• TASK INSTRUCTIONS: Make an exact copy of every entry, leaving the pictures out.

[Saved data entries]
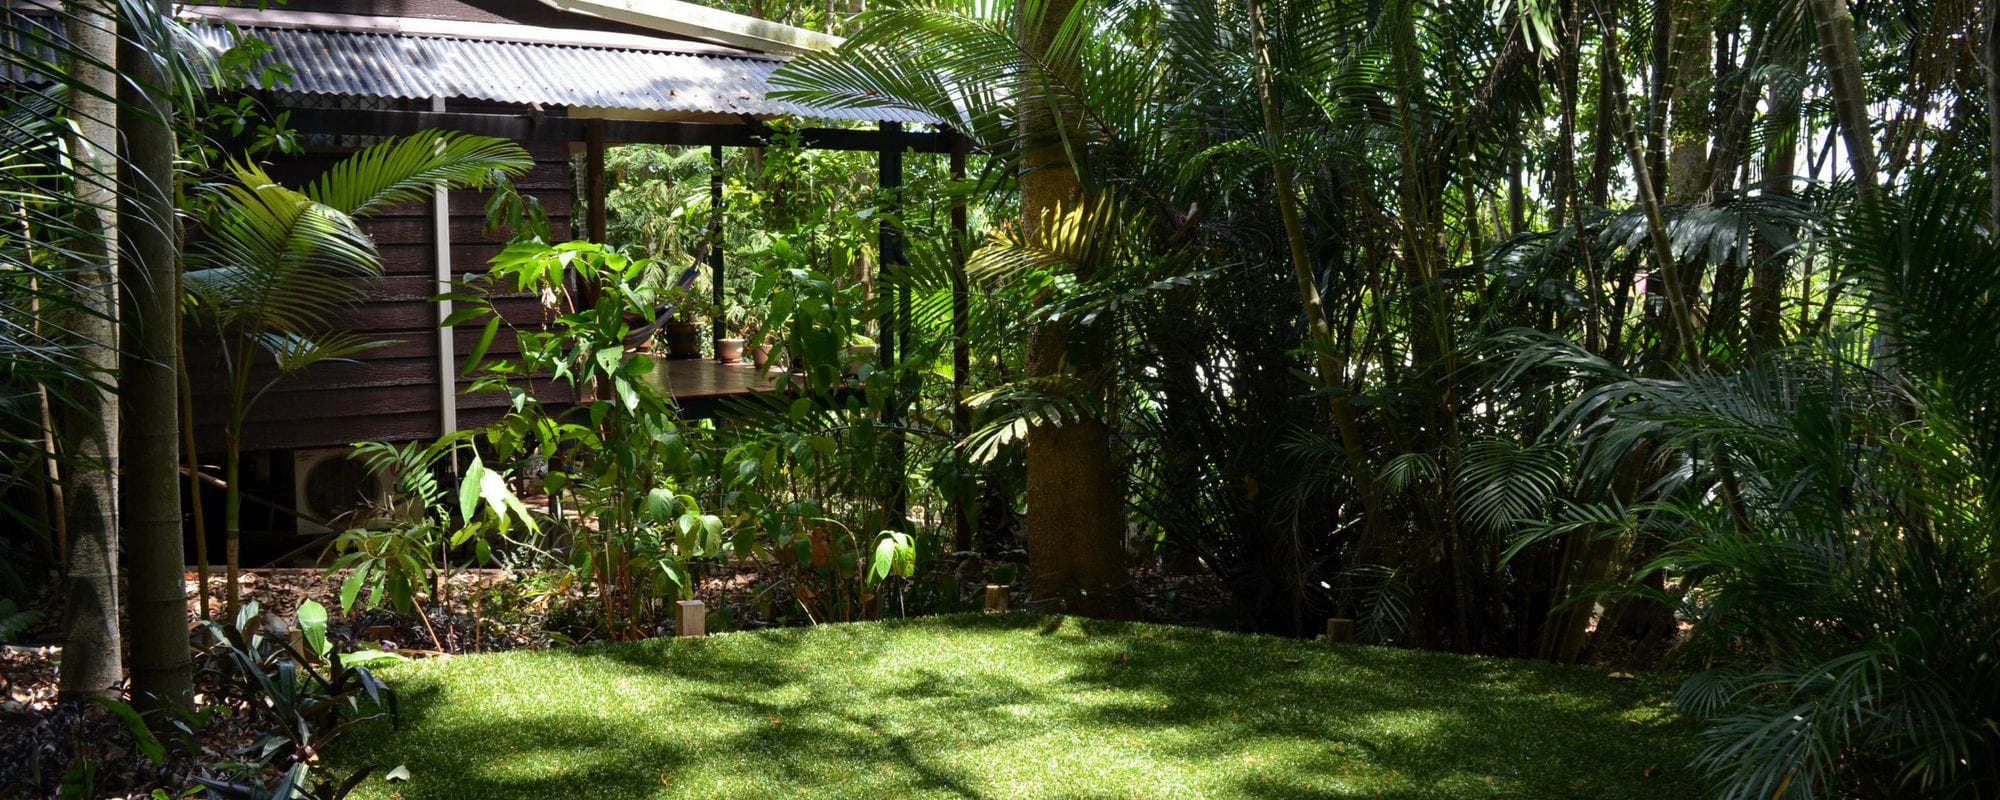 The rainforest garden behind Julie Heskin's reiki studio in Cairns
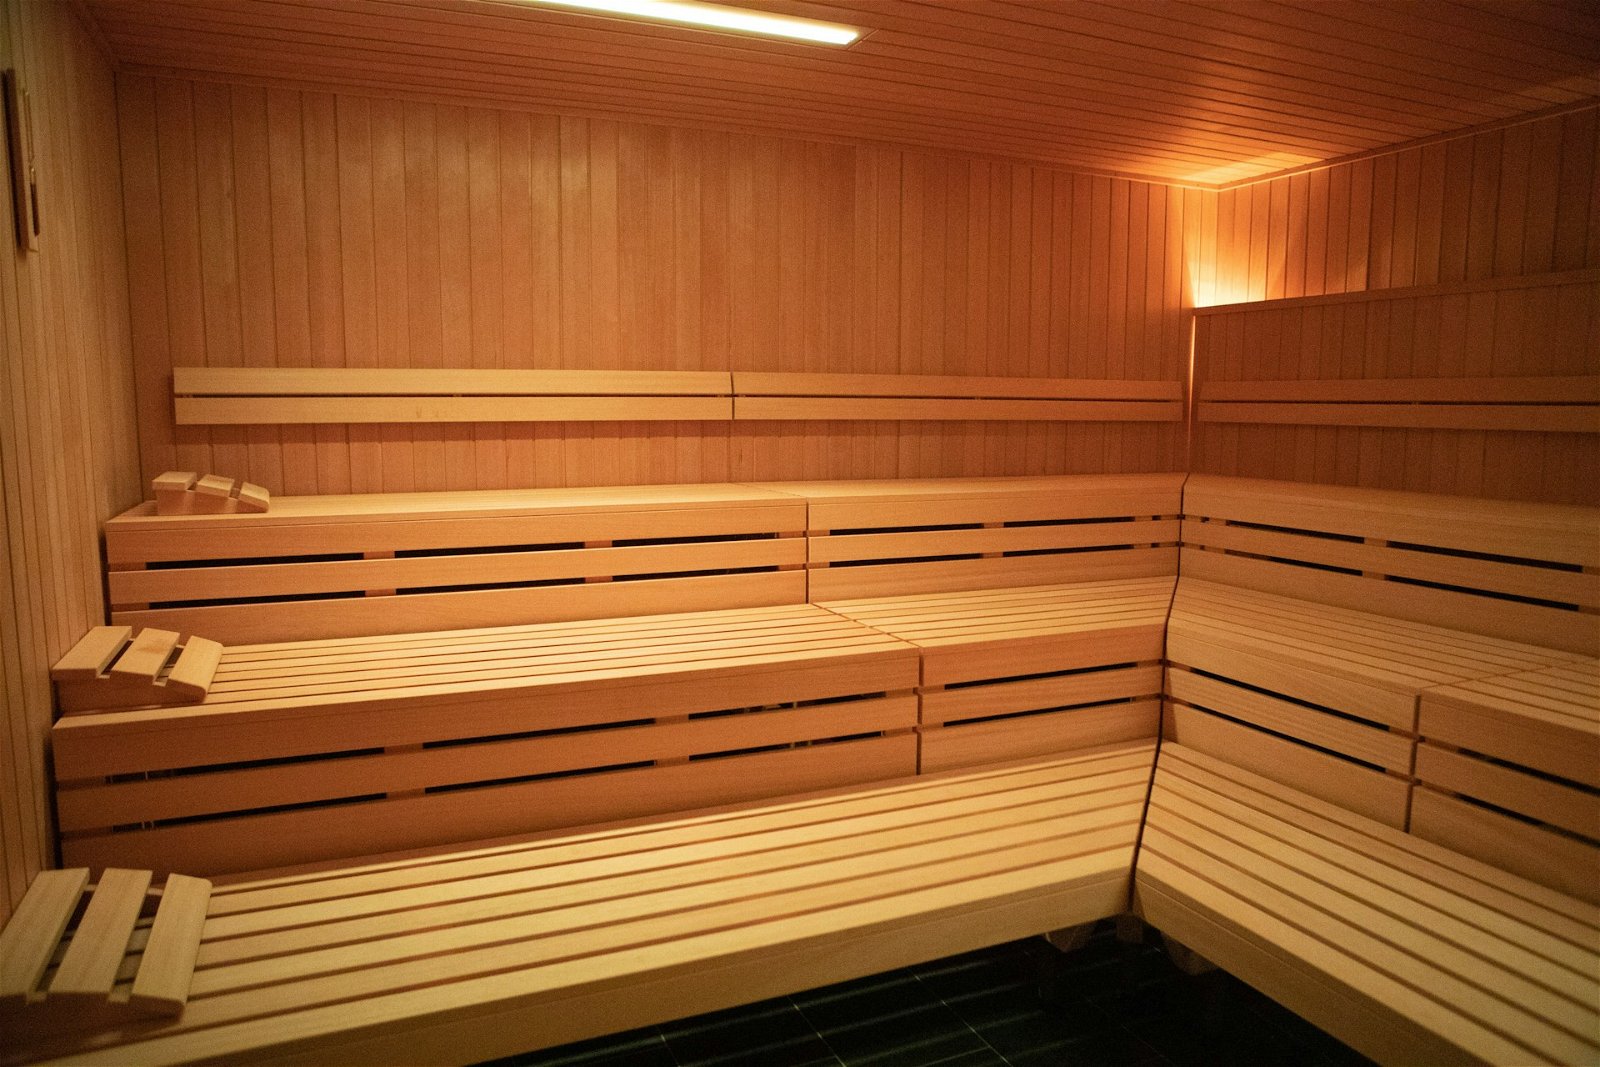 Immagine di Lavorare nudi in sauna: la richiesta choc di uno studio di sviluppo porta a scuse pubbliche
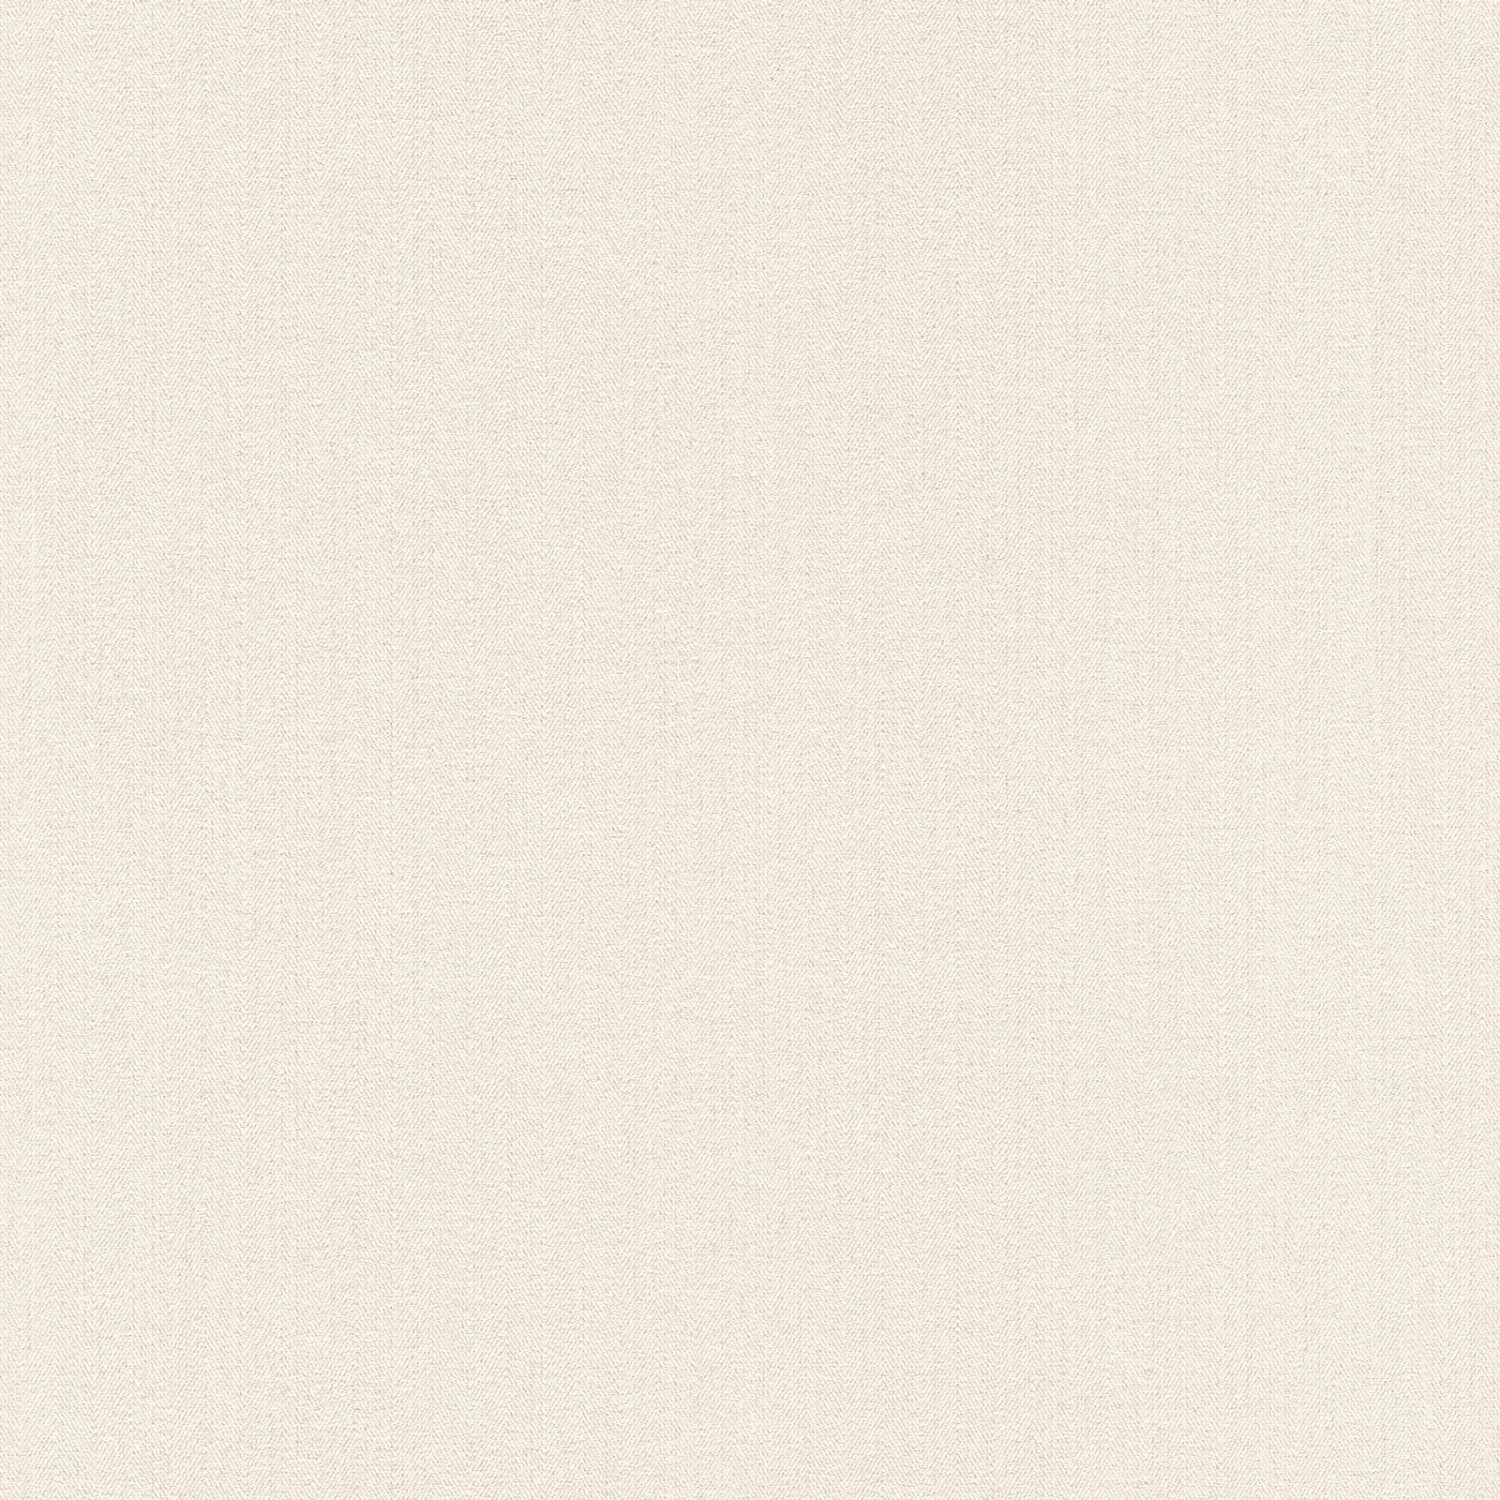 Bricoflor Vlies Unitapete Creme Weiß Nordische Fischgrät Tapete Modern Ideal für Schlafzimmer Einfarbige Vlies Wandtapet
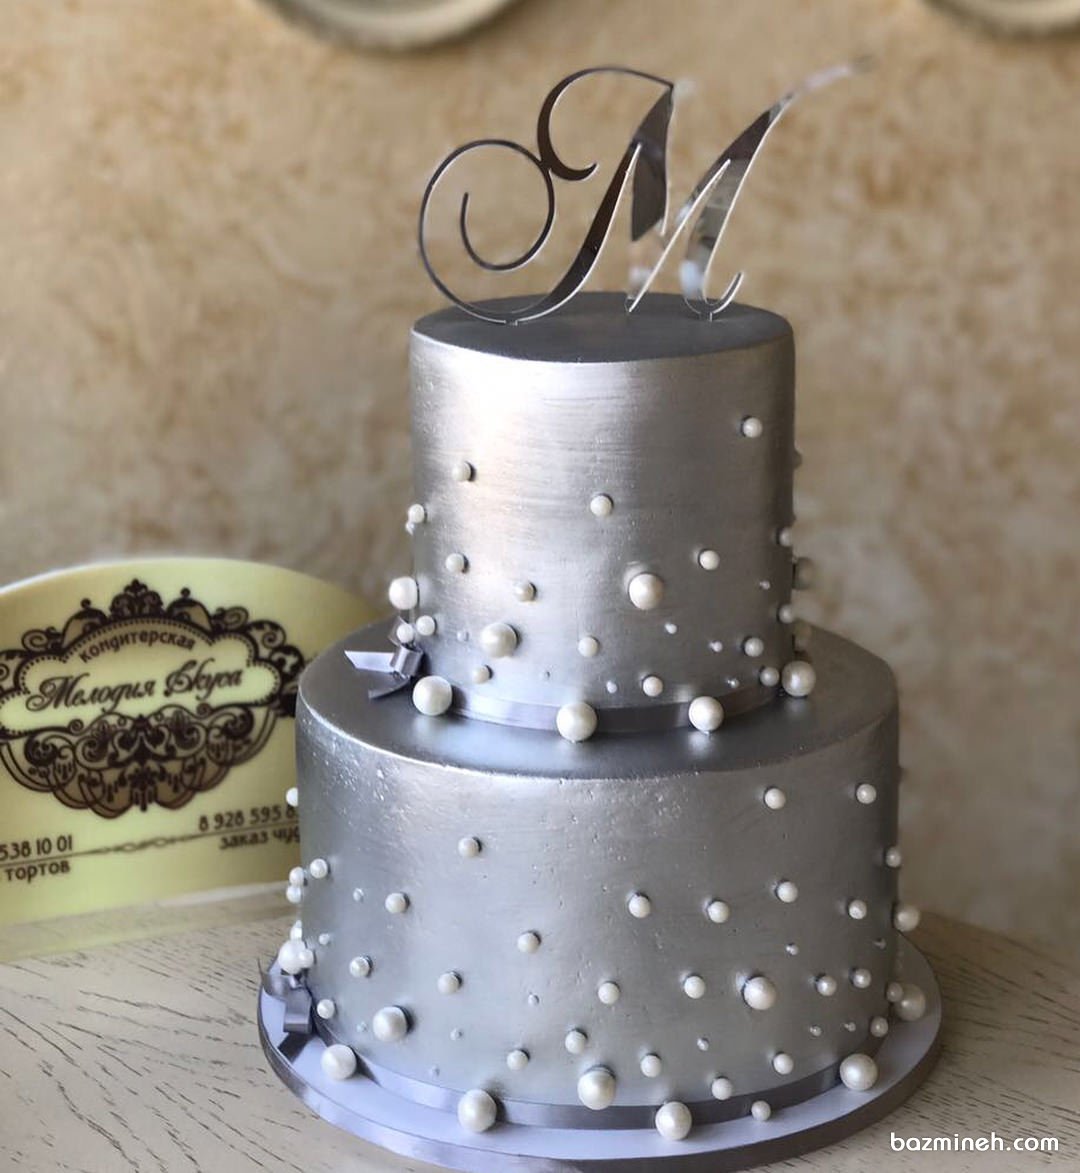 کیک دو طبقه جشن تولد با تم نقره ای تزیین شده با مرواریدهای صدفی
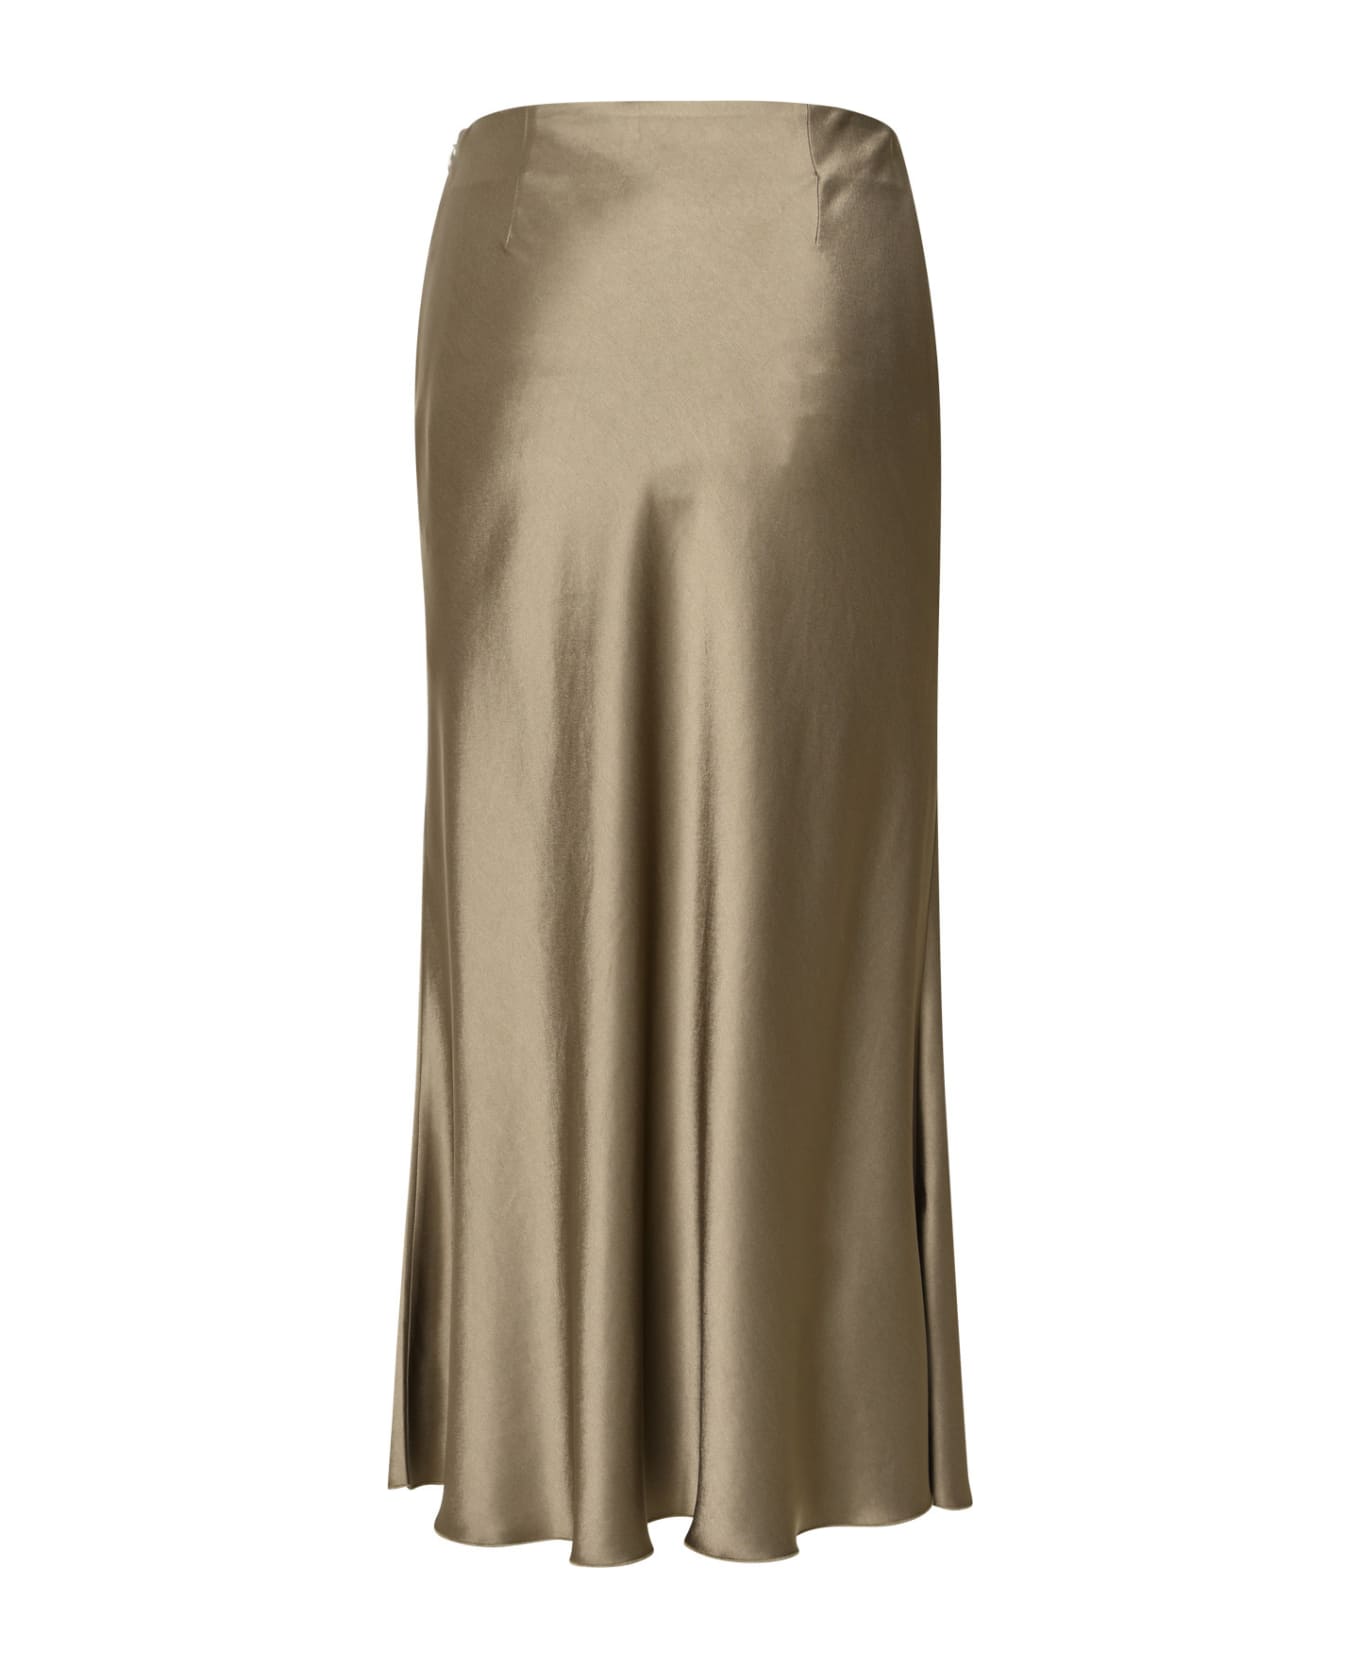 Nanushka 'razi' Skirt In Brown Acetate Blend - Beige

• ANSWER SECTION:
 The rainforest garden behind Julie Heskin's reiki studio in Cairns
 Immagine di Lavorare nudi in sauna: la richiesta choc di uno studio di sviluppo porta a scuse pubbliche
 Bricoflor Vlies Unitapete Creme Weiß Nordische Fischgrät Tapete Modern Ideal für Schlafzimmer Einfarbige Vlies Wandtapet
 کیک دو طبقه جشن تولد با تم نقره ای تزیین شده با مرواریدهای صدفی
 Nanushka 'razi' Skirt In Brown Acetate Blend - Beige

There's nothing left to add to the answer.